Use it when homework, CAD exports, or notebook checks need a fast θ without setting up a spreadsheet. See how to use this calculator for a full walkthrough; worked examples below mirror the same steps after you tap Calculate angle.
- Choose 2D or 3D for both vectors.
- For each vector, pick Coordinate (components) or Point (from → to displacement).
- Fill every required field, then tap Calculate angle.
- Read degrees and radians; fix inputs if a zero-length vector error appears.
Vector Projection Calculator
Scalar projection onto b: comp_b(a) = (a · b) / |b|
Vector projection onto b: proj_b(a) = ((a · b) / |b|²) b
Projection answers how much of vector a lies along vector b.

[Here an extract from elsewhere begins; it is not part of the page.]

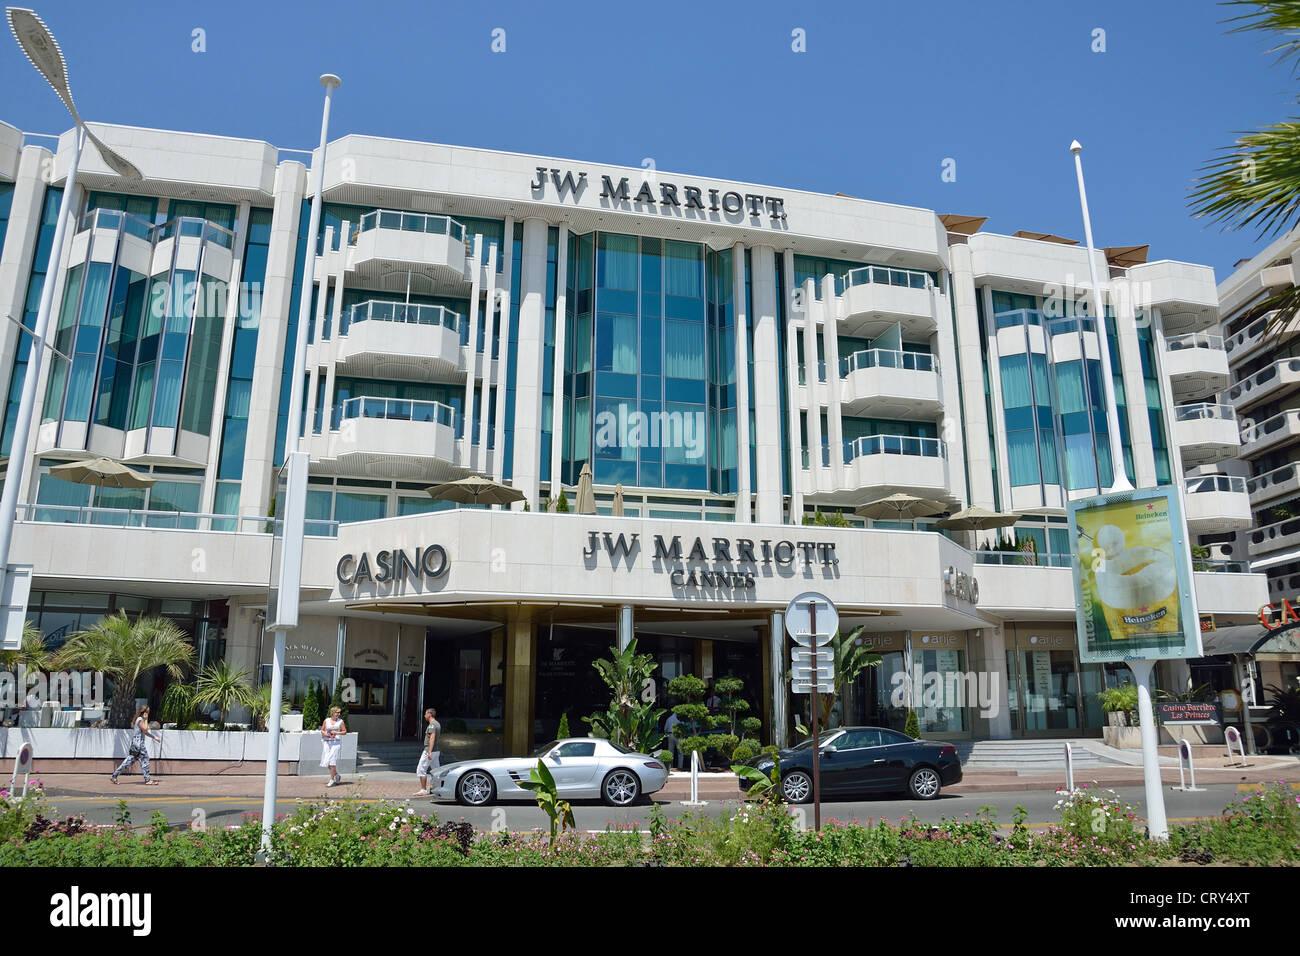 Hotel De Provence Cannes

The scalar along b is (a · b) / |b|; the vector projection is ((a · b) / |b|²) b when b is nonzero. That uses the same dot product you already compute for angles.
Engineers use projections to resolve forces onto ramps or members. Graphics uses them for shadows and lighting along a chosen axis. Once θ is known, you can also write the component along b as |a| cos θ, consistent with the dot product definition.

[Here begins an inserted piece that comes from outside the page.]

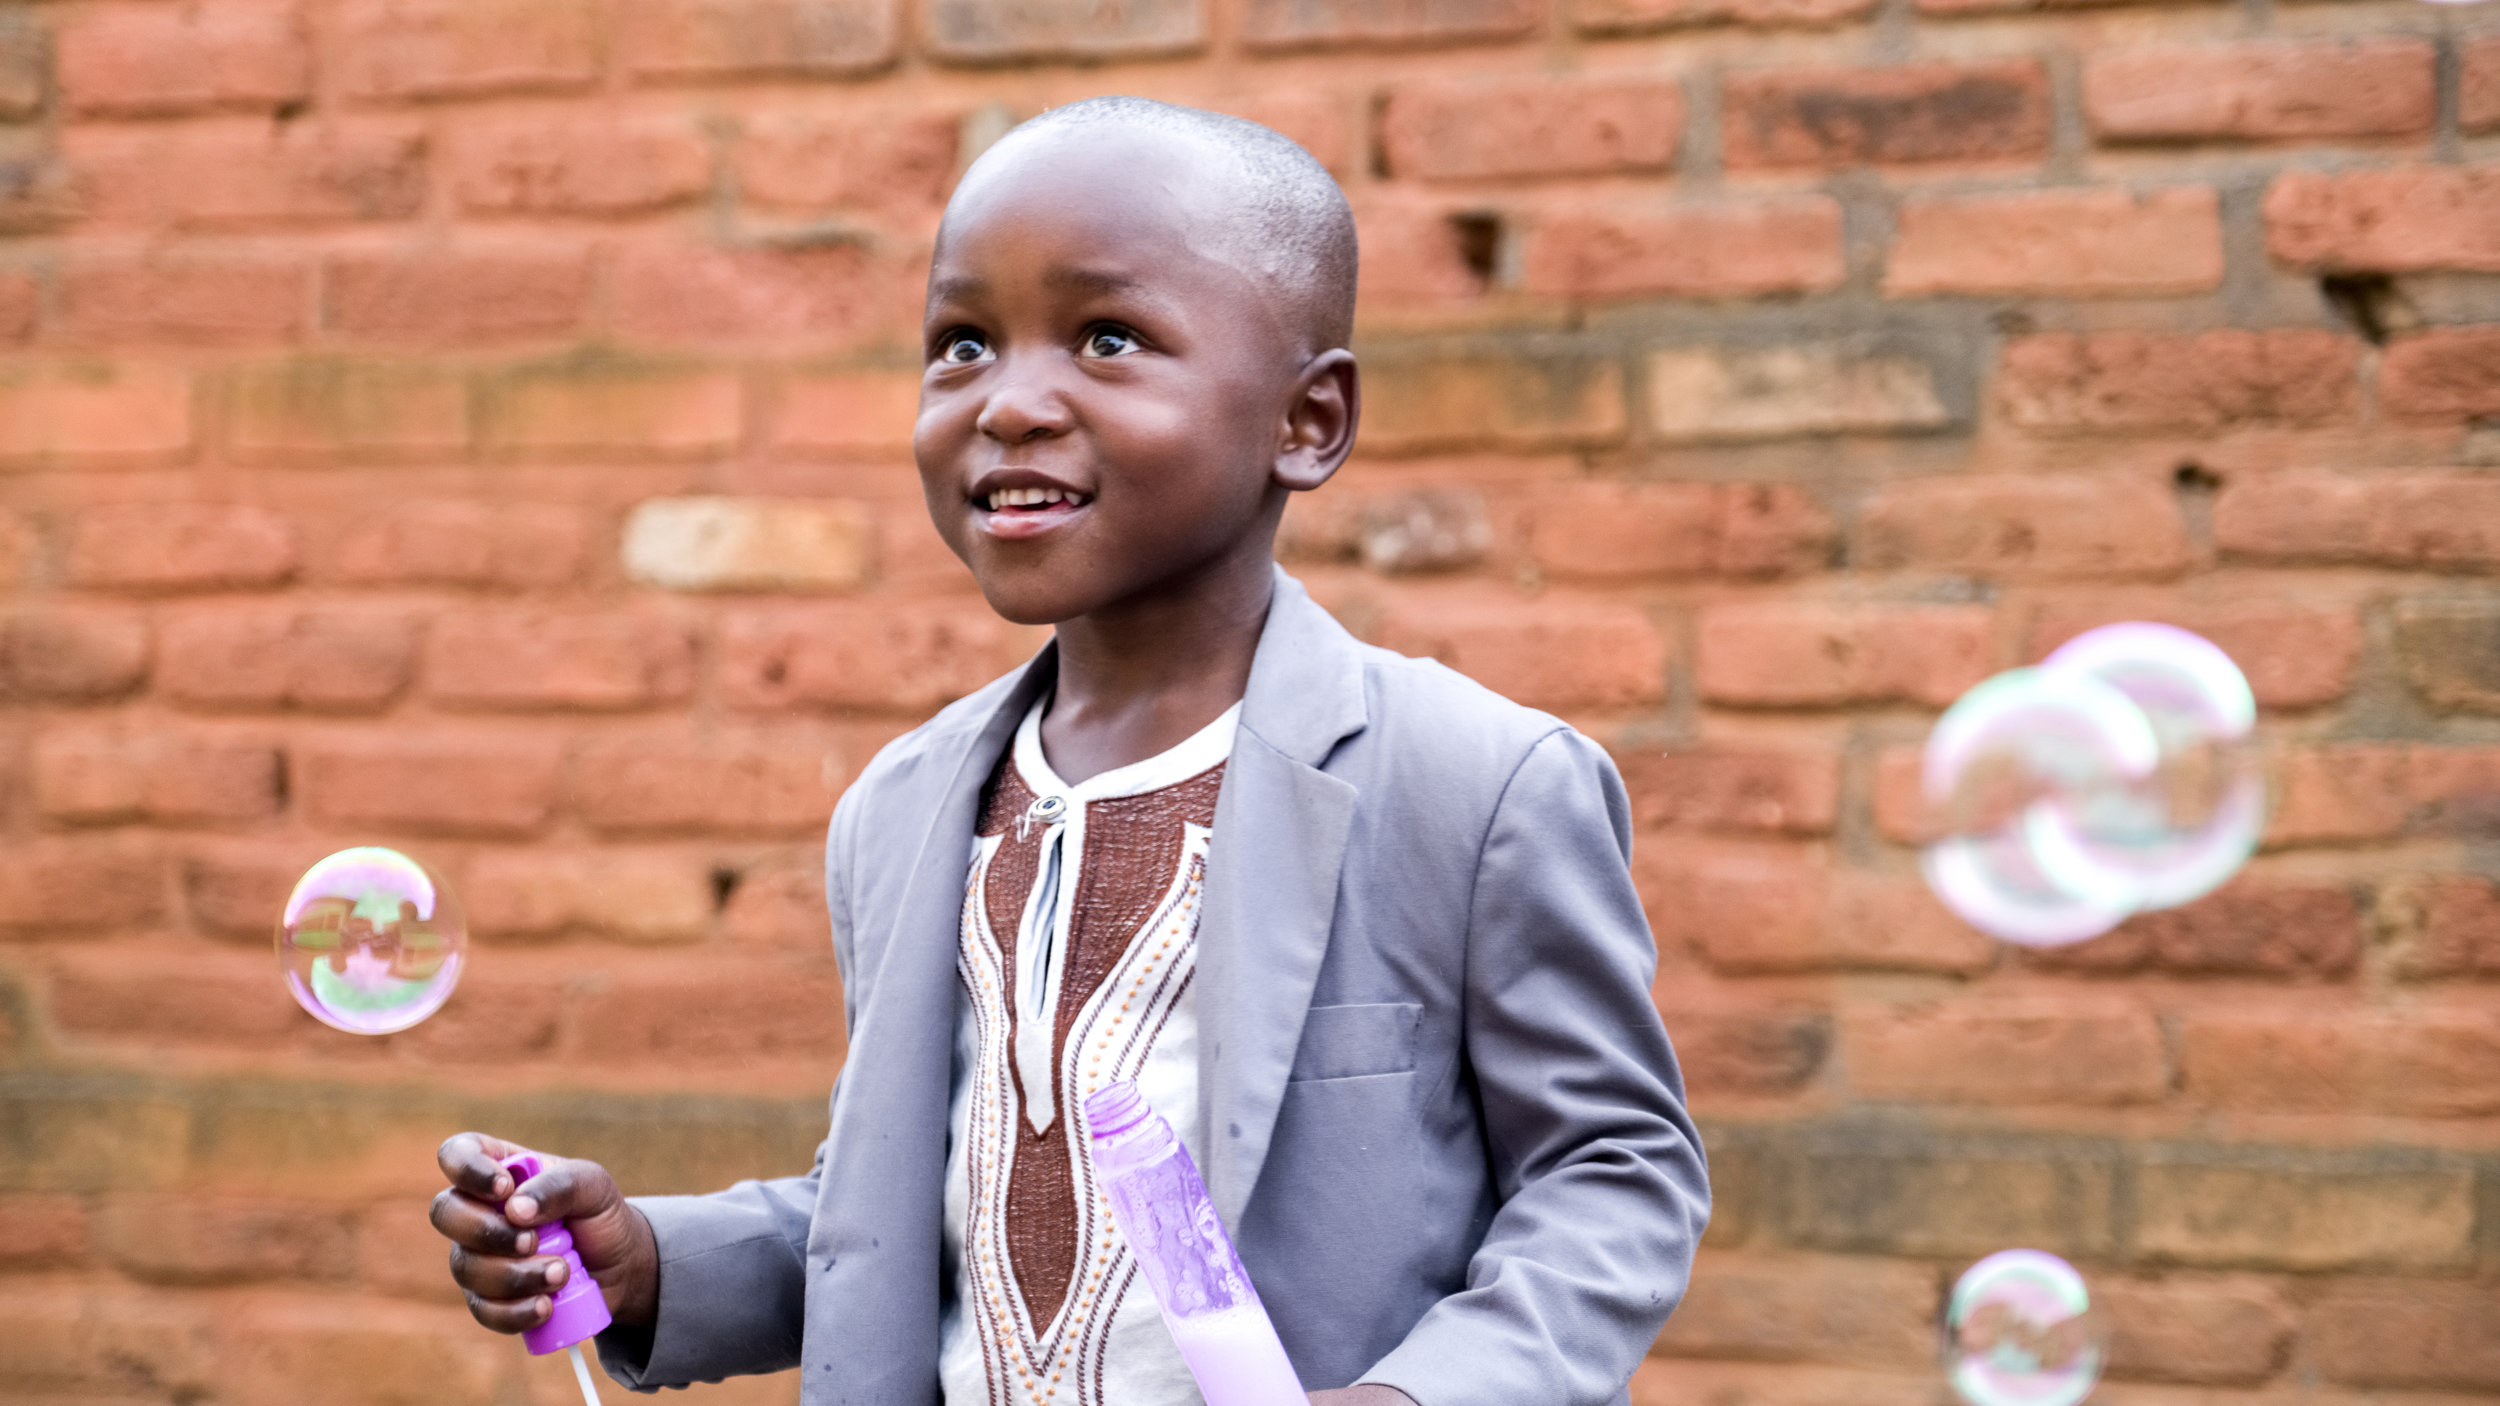 Ubushobozi is:   Sponsoring Children

This site does not host a separate projection tool yet; find θ here first, then apply the projection formulas with the magnitudes you already have. Read vector projection calculator for worked projection steps tied to the same dot product.

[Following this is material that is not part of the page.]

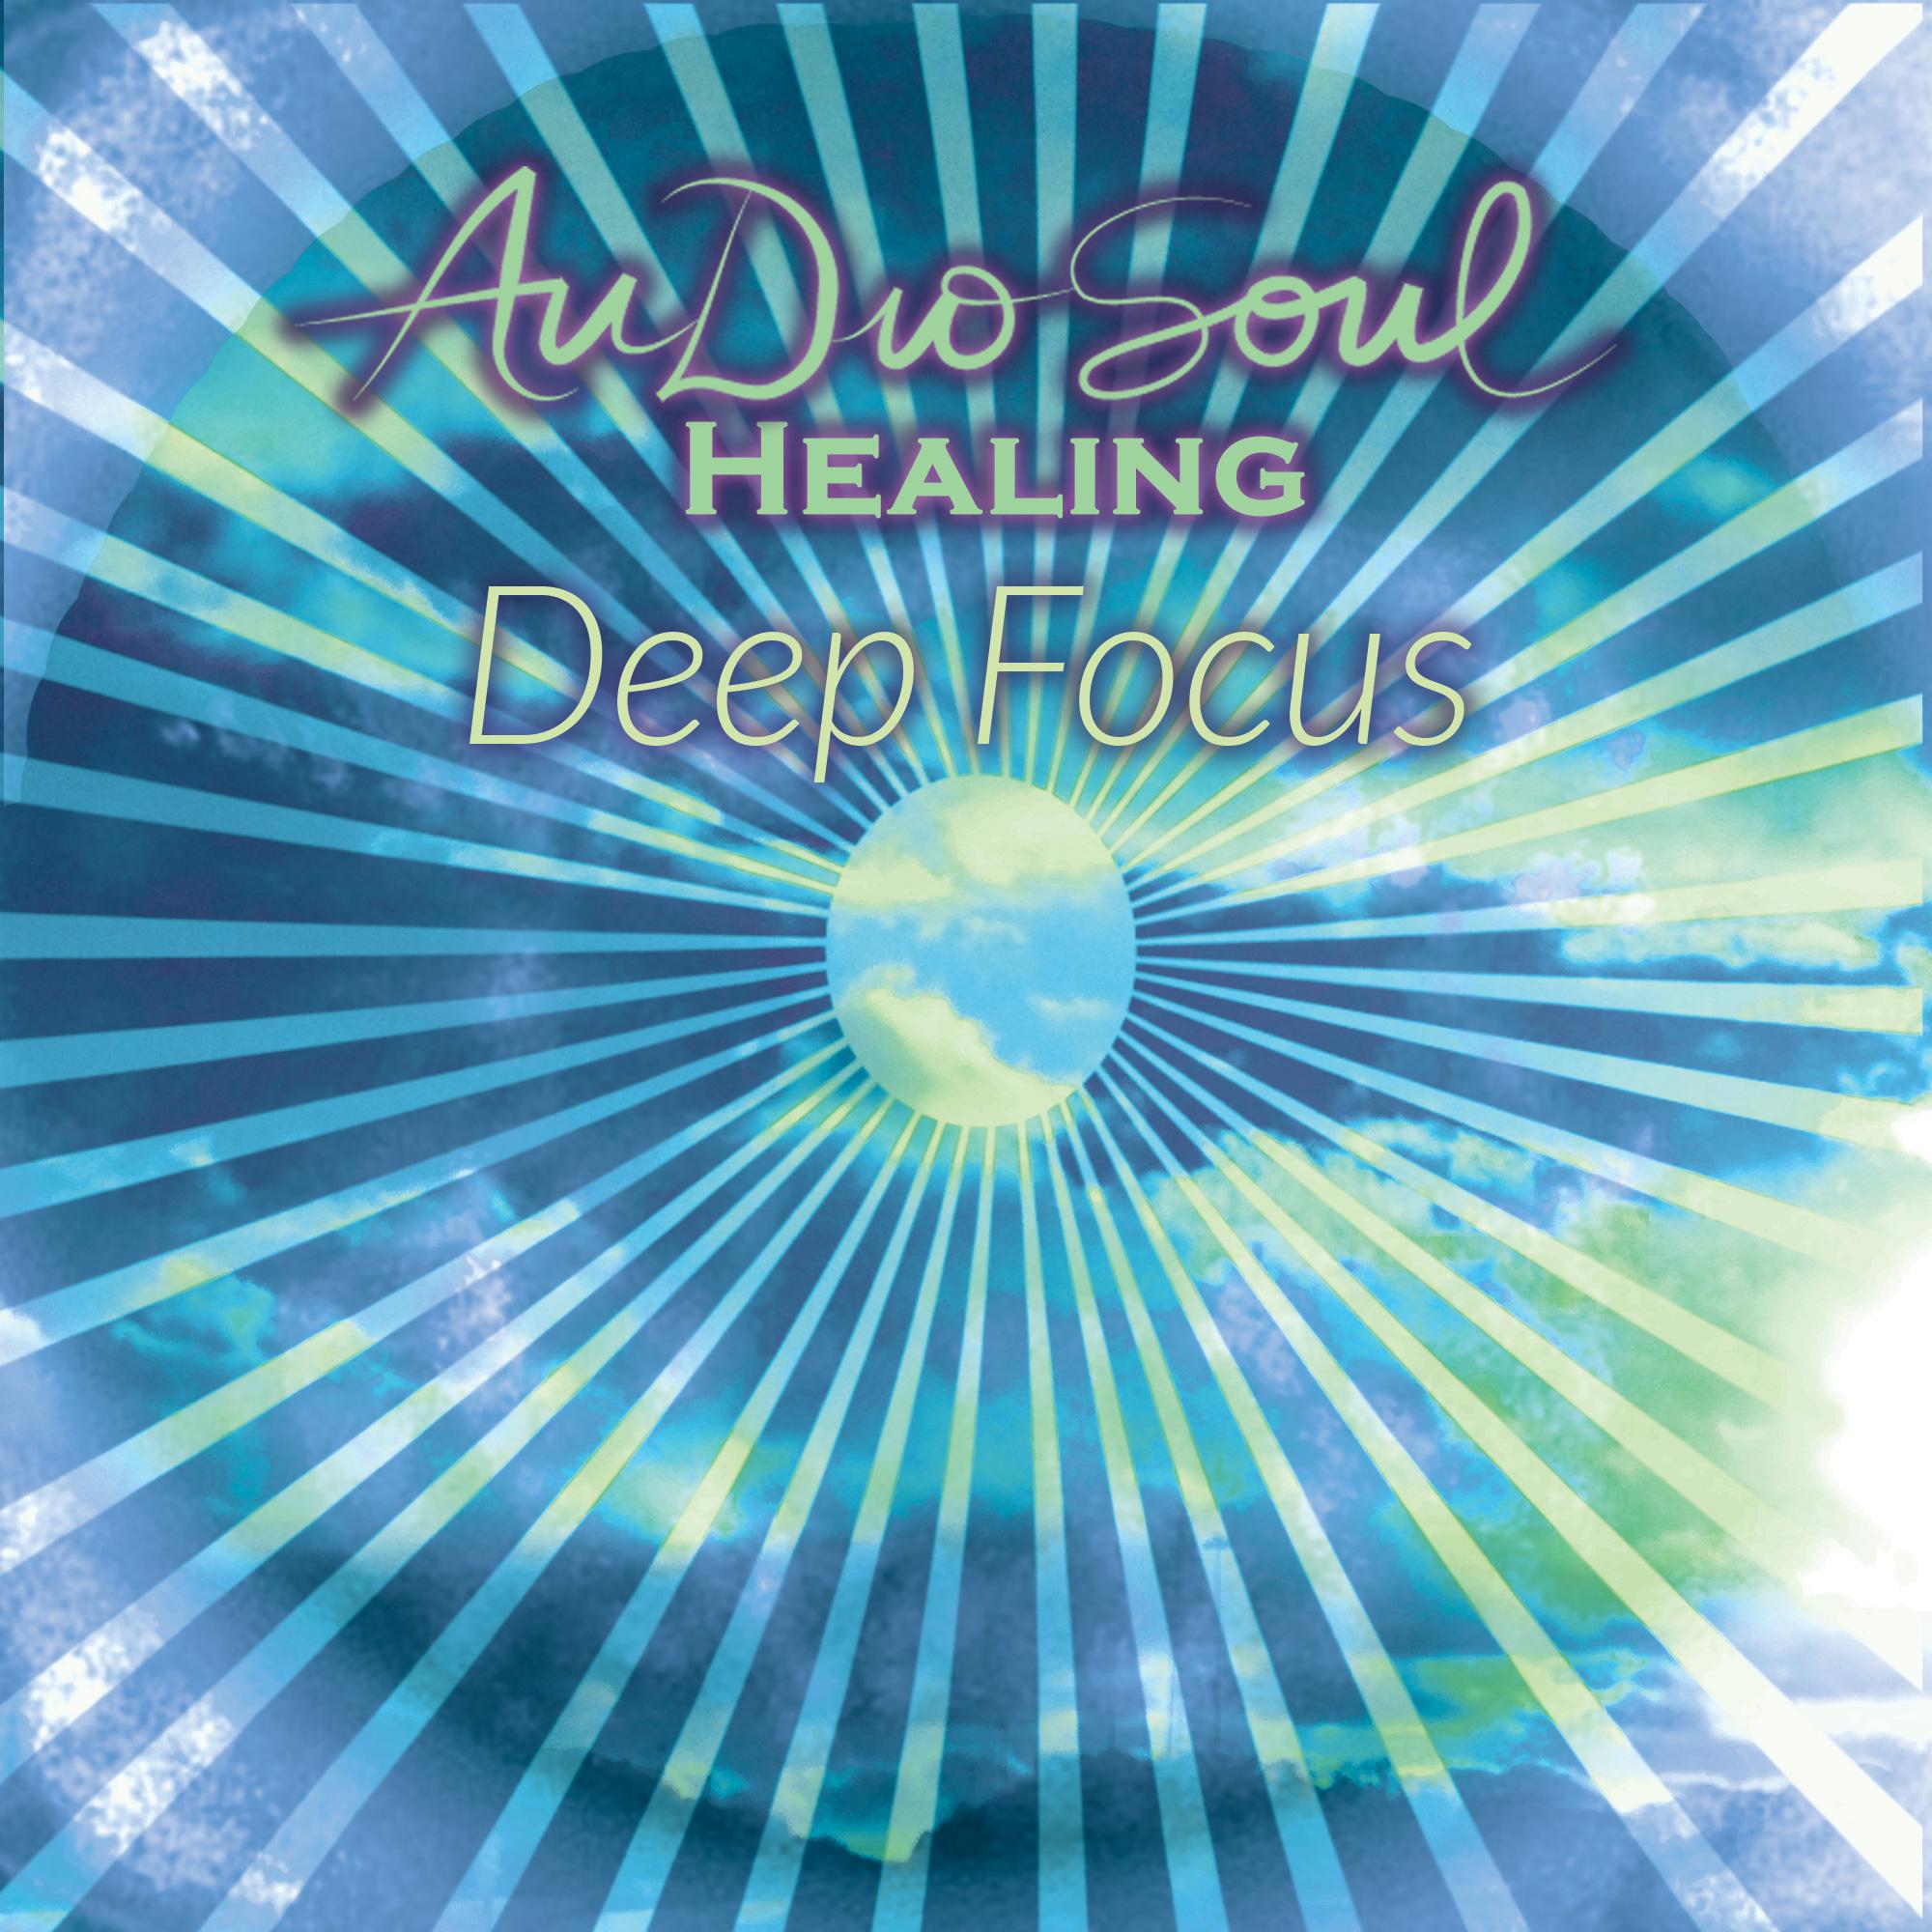 AudioSoul Healing

Where Vector Angles Appear
Comparing directions is the shared thread across these fields. Each use case maps to the same dot-product angle you calculate here.
Vector algebra and geometry
Angle proofs, direction comparisons, and coordinate geometry problems.
Physics
Work W = F·d cos θ, velocity headings, force resolution on inclines.
Engineering
Member forces, structural joints, and machine kinematics in 2D and 3D.
Computer graphics
Normals vs light rays, camera facing, and shading models.
Machine learning
Cosine similarity between embedding vectors and feature vectors.
Game development
Field of view, aim cones, and steering between direction vectors.
Common Vector Angle Calculation Mistakes
Most wrong angles trace back to representation, dimension, or expecting the wrong kind of angle. Fix the vectors first, then trust arccos.
- Treating point coordinates as vector components without forming displacements.
- Leaving z at zero in a 3D problem or forcing 3D when the data is planar.
- Mixing degrees and radians when comparing to a textbook answer.
- Forgetting to clamp cos θ to [-1, 1] before arccos on a computer.
- Expecting a signed angle about an axis instead of the 0° to 180° geometric angle.
- Using a zero vector: |a| or |b| must be nonzero.
FAQs About the Angle Between Two Vectors
What is the angle between two vectors?
It is the geometric angle between their directions, from 0° to 180°, found with θ = arccos((a·b)/(|a||b|)) for nonzero vectors.
Can vector a use Coordinate while vector b uses Point?
Yes. Each vector has its own representation toggle. The calculator builds a and b separately, then applies the same angle formula.
How do you find the angle between two vectors in 3D?
Use the same formula with x, y, and z components in the dot product and magnitudes. Switch the calculator to 3D and include every z value.
What does a dot product of zero mean?
If both vectors are nonzero, a · b = 0 means they are perpendicular and the angle is 90°.
Why is the angle between (1, 0) and (-1, 0) equal to 180°?
Those vectors are anti-parallel. The dot product is negative, so θ = 180°. Same-direction parallels give 0°.
What is the difference between parallel and perpendicular vectors?
Parallel vectors share direction (0° or 180° if reversed). Perpendicular vectors meet at 90° and have dot product zero when lengths are nonzero.
Does the calculator store my numbers?
No. Values stay in your browser session. The page is static and does not send inputs to a backend.
What happens if a vector has length zero?
The angle is undefined because division by |a| or |b| is impossible. The tool shows an error asking you to fix the inputs.